The Groton Shellfish Commission is working to collect the additional samples to meet the state's requirements, said Edward Martin, commission chairman. But there have been some logistical difficulties for him and the other volunteer commissioners and the part-time wardens to be able to collect the samples at the right times and then transport them to the state lab in Milford within 24 hours, he said.

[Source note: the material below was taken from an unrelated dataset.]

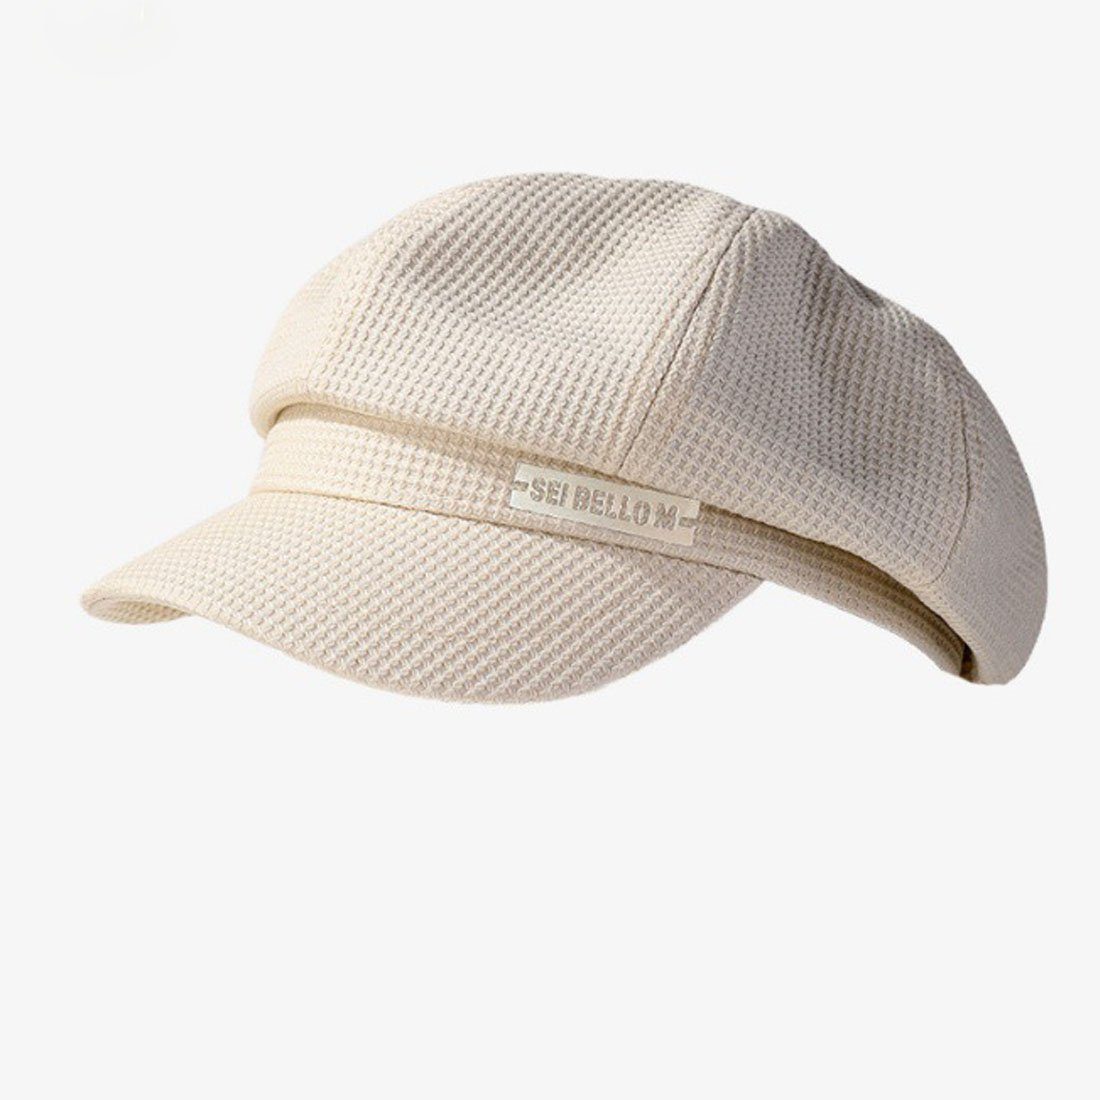 Mode lässige Beret, britischen Retro Hut DÖRÖY achteckigen Weiß Damen Plaid Baskenmütze Hut,
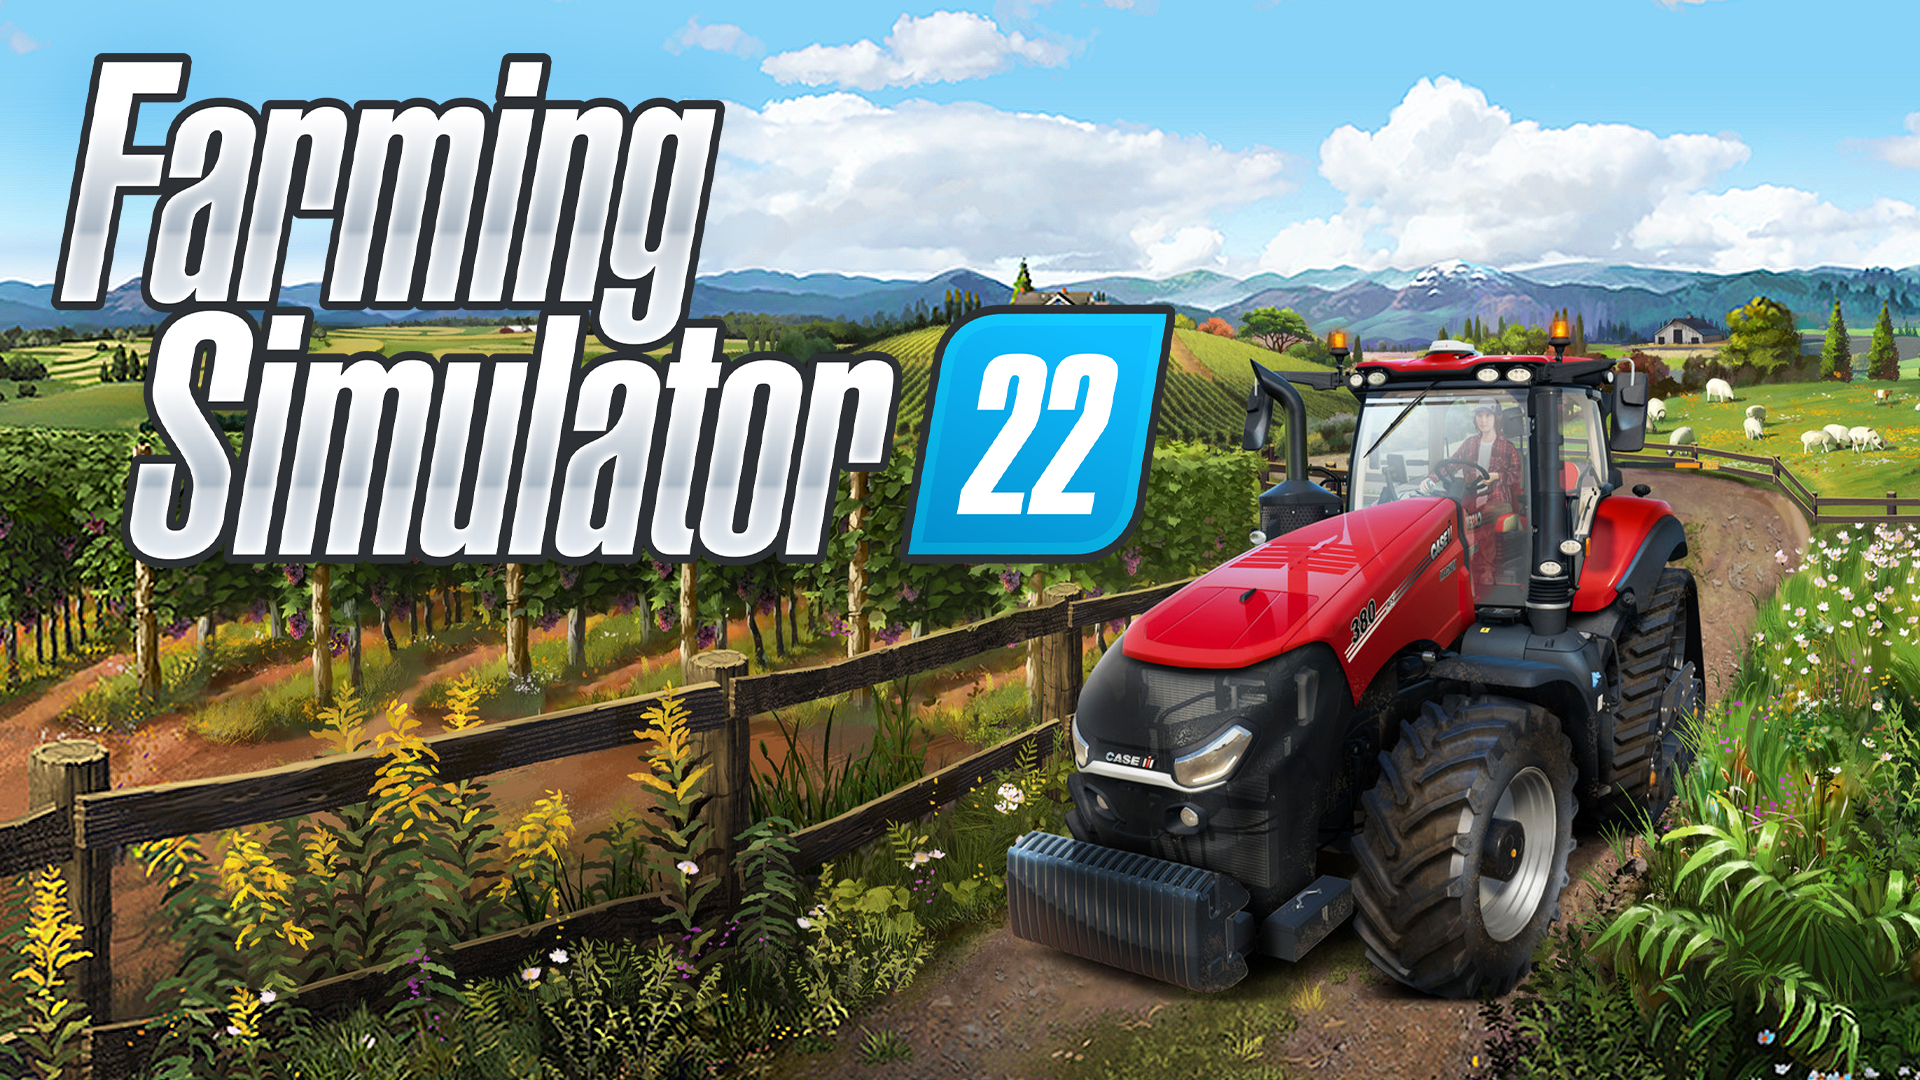 farming simulator 17 steam key

To make up for the loss of the Poquonnock River beds this summer, the commission seeded beds off Esker Point, which have remained open, Martin said. Although signs about the closure have been posted in the Poquonnock River beds, town shellfish wardens are still patroling the area to make sure people aren't harvesting clams there. About 1,500 clamming permits are sold annually in the town, he said.

"We have to patrol the area whether we're open or not," said Martin. "A lot of people are mad."

Due to the closures in East Lyme, Waterford and Groton, the shellfish beds in Stonington have been a little busier this summer, said Don Murphy, chairman of the town's shellfish commission. The Stonington beds were closed for about a week after the heavy rains on the July 4 weekend, but have remained open since then, he said.